Di Mauritania, kurang lebih 40 persen kaum perempuannya mengidap kegemukan atau obesitas. Ya, angkat tersebur cukup terbilang besar untuk sebuah negara berkembang yang tidak terlalu terpapar makanan junk food. Hal ini terjadi karena praktik persepsi seperti itu yang keras dan masih marak di kawasan pedesaan. Untuk itu tidak sedikit pula anak-anak muda yang ada dikota-kota afrika melakukan aksi berkampanye untuk menghentikan tradisi yang sangat beresiko untuk kesehatan ini. Pemerintah pun kesulitan menangani masalah ini. Sehingga banyak korban berjatuhan akan persepsi yang dilakukan suku mauritania ini.

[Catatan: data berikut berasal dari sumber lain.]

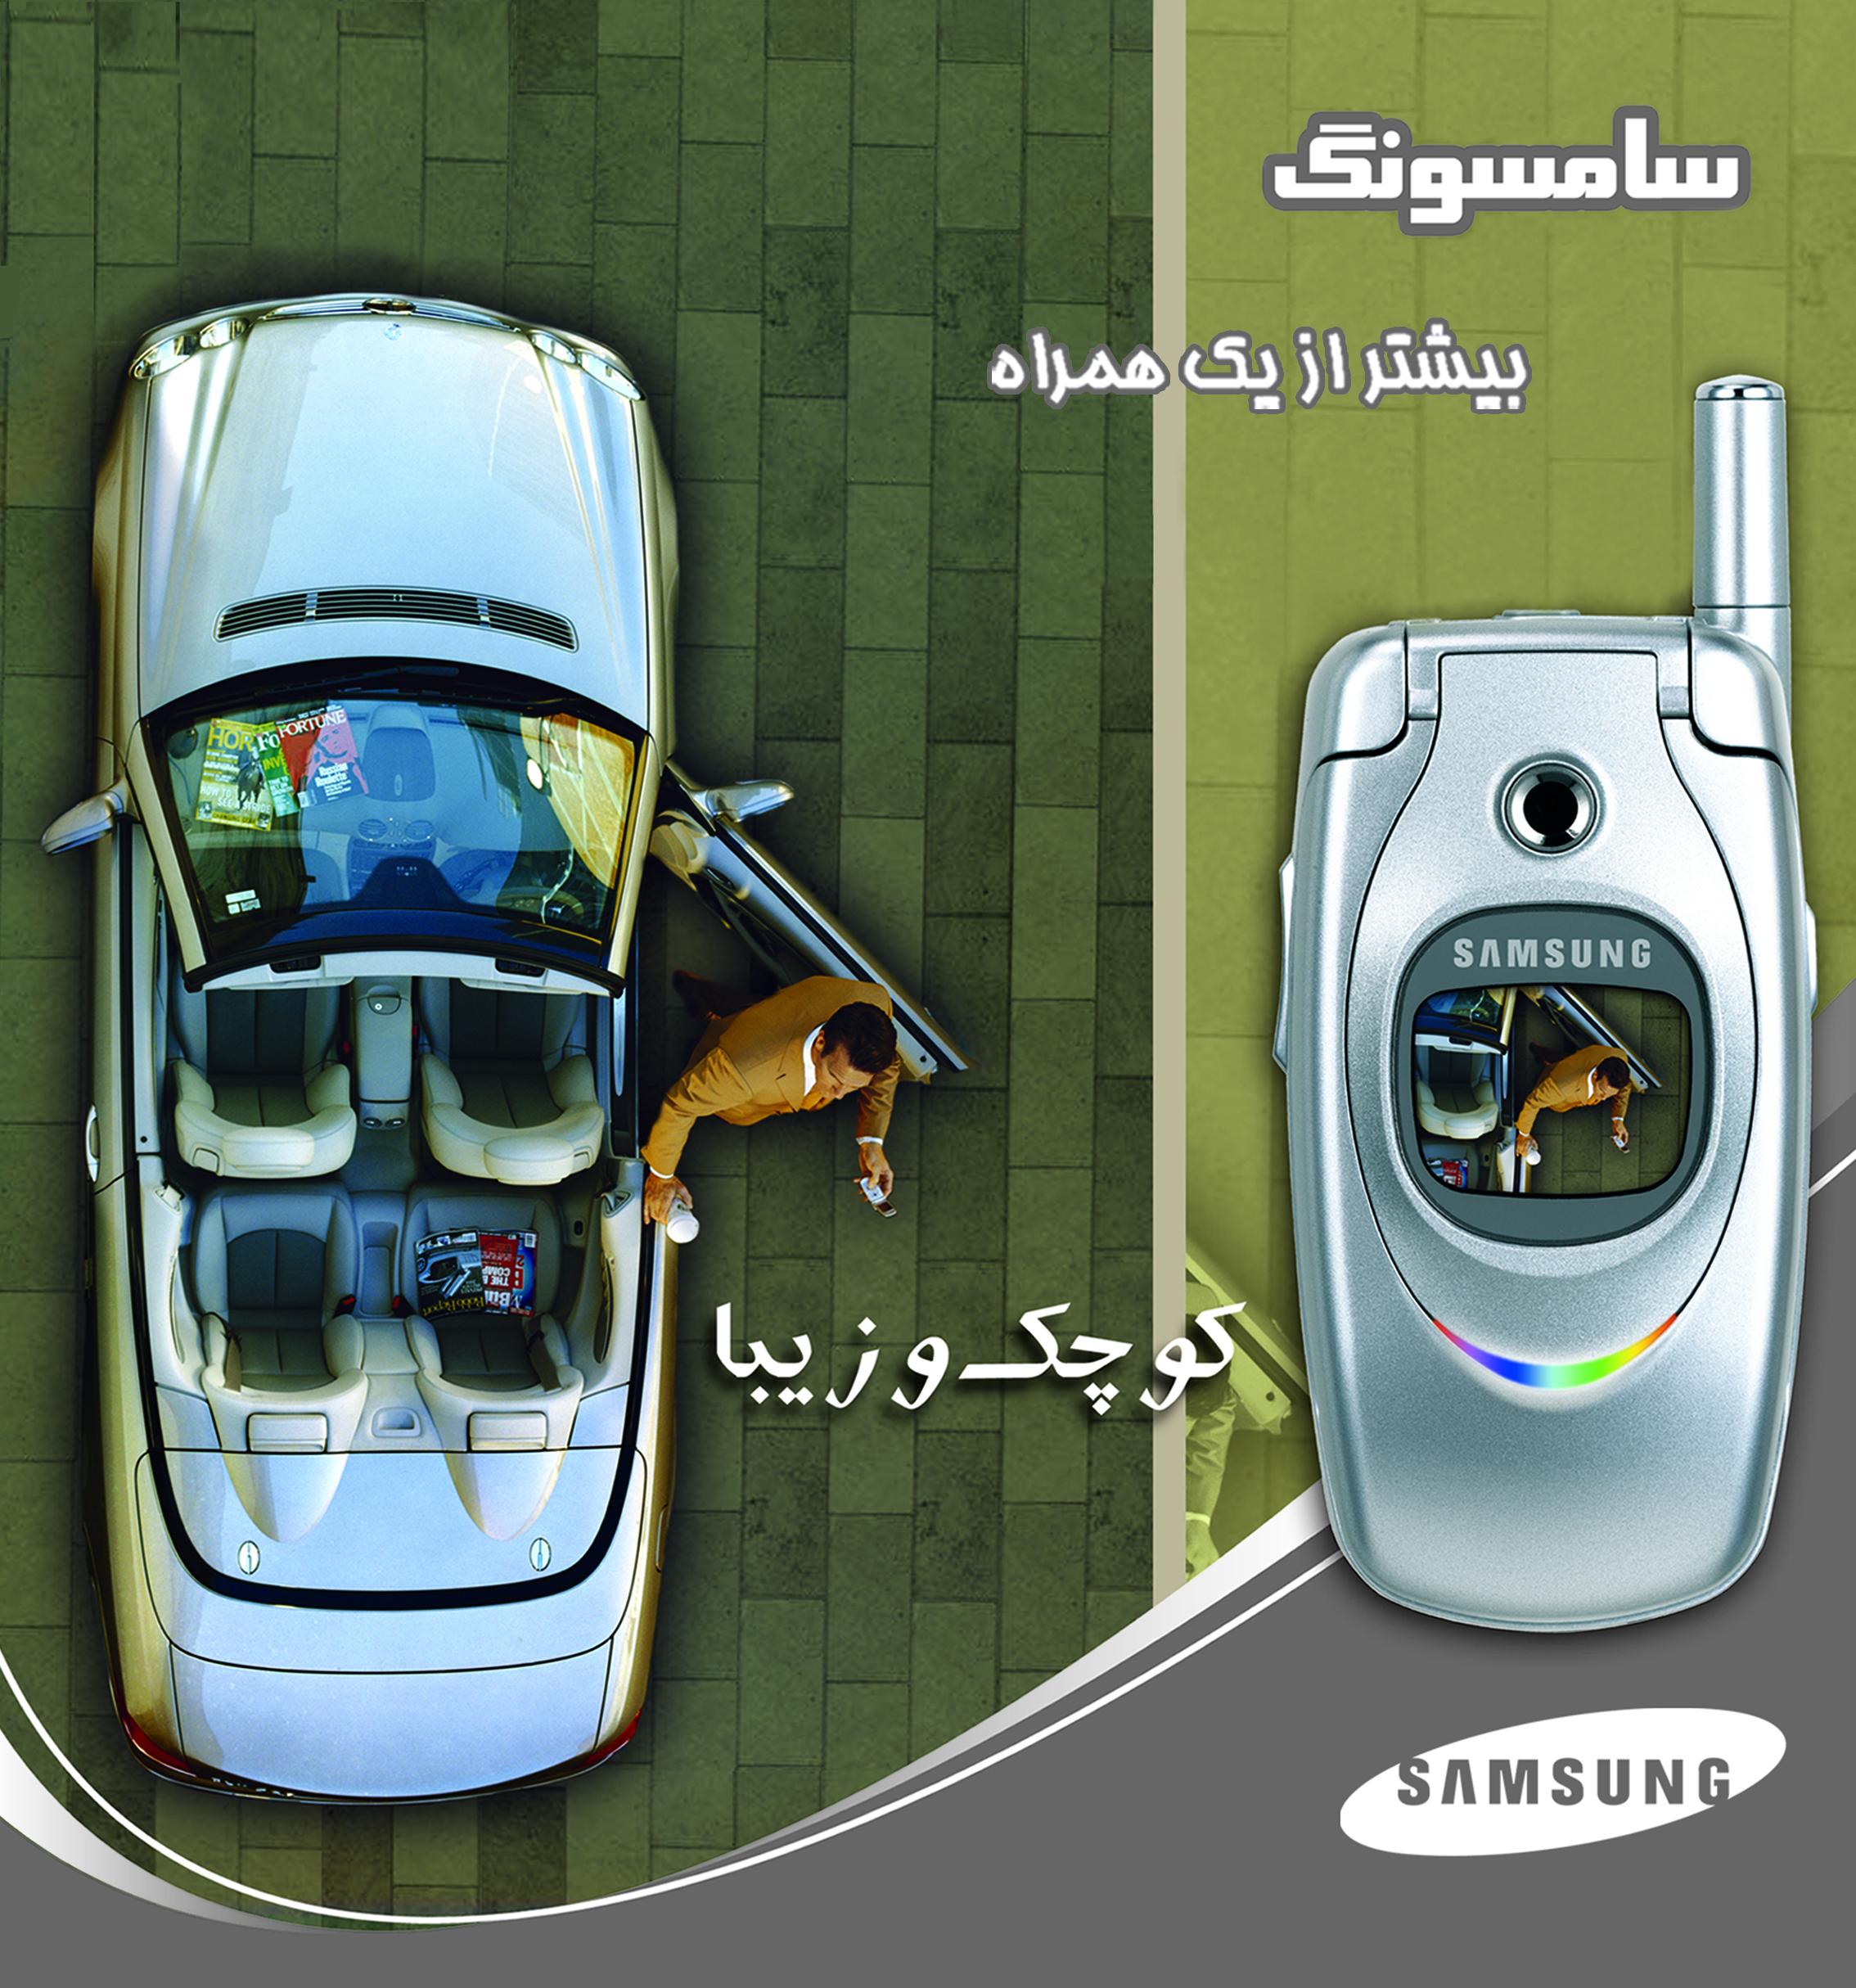 E600 Samsung Khorasan (83.11.07)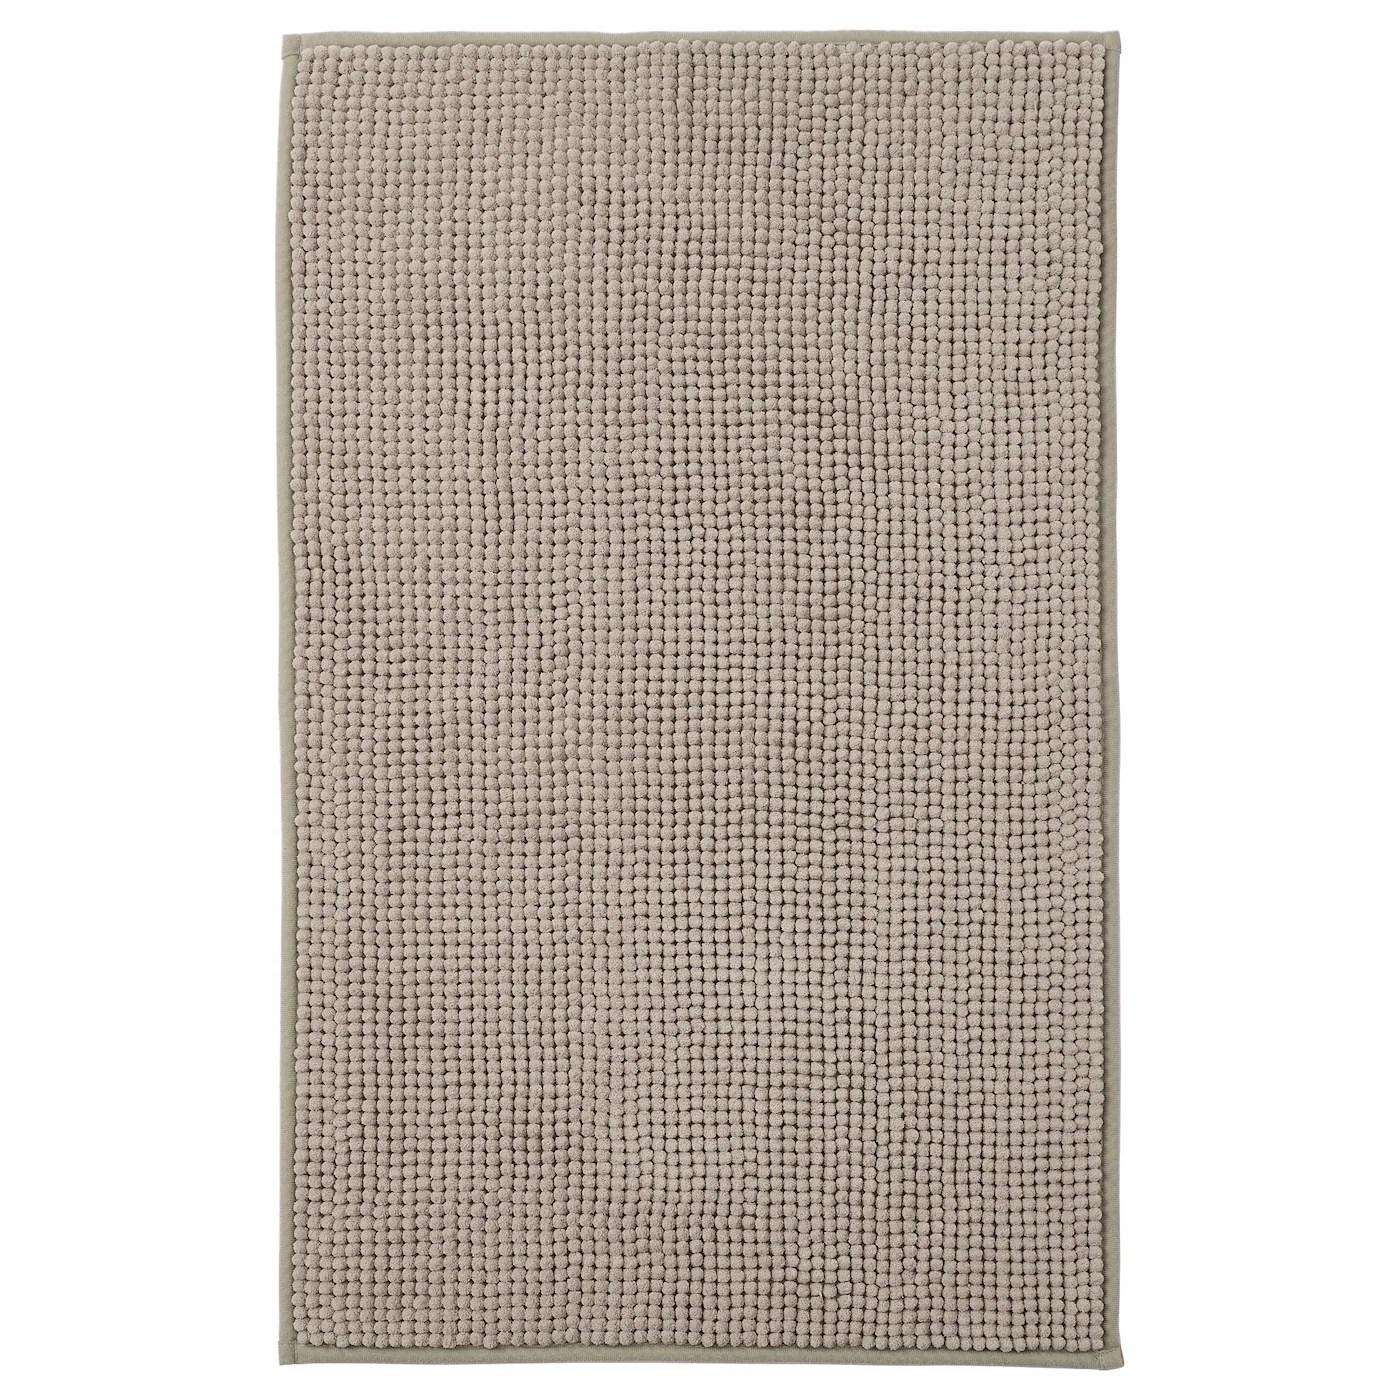 toftbo tapis de bain beige fonce 50x80 cm

Sebagian Orang Sudah Meninggalkan Persepsi Mauritania

Untuk Penduduk Mauritania yang terkenal modern dan kelas menengah sudah menegaskan bahwa mereka sudah meninggalkan praktek persepsi seperti ini. Tapi lain halnya dengan penduduk pedesaan yang masih terus melaksanakan praktek penggemukan tak kira-kira ini. Untuk itu bukan berarti pemerintah setempat tidak berjuang untuk menututp paksa persepsi seperti ini.

Ya, pemerintah sendiri telah banyak berjuang untuk menghilangkan padangan bahwa gemuk adalah cantik yang sangat diyakini masyarakat Mauritania. Berbagai upaya kampanye dan penyuluhan bahaya memiliki tubuh obesitas dilakukan agar masyarakat pedalaman memahami resiko kegemukan pada penyakit diabetes bahkan jantung. Selain itu efek psikologis dari terapi menggemukkan pada anak-anak perempuan juga akan berimbas pada trauma dan penerimaan diri mereka.

So guys, gimana pandangan kalian akan tradisi seperti ini. Apakah gemuk melambangkan kemakmuran seperti halnya persepsi di mauritania? Saya sih tidak begitu setuju, Karena pada akhirnya jaman yang sudah semakin maju dan seharusnya manusia makin mengerti bahwa ada hal yang harus diubah untuk kehidupan yang lebih baik.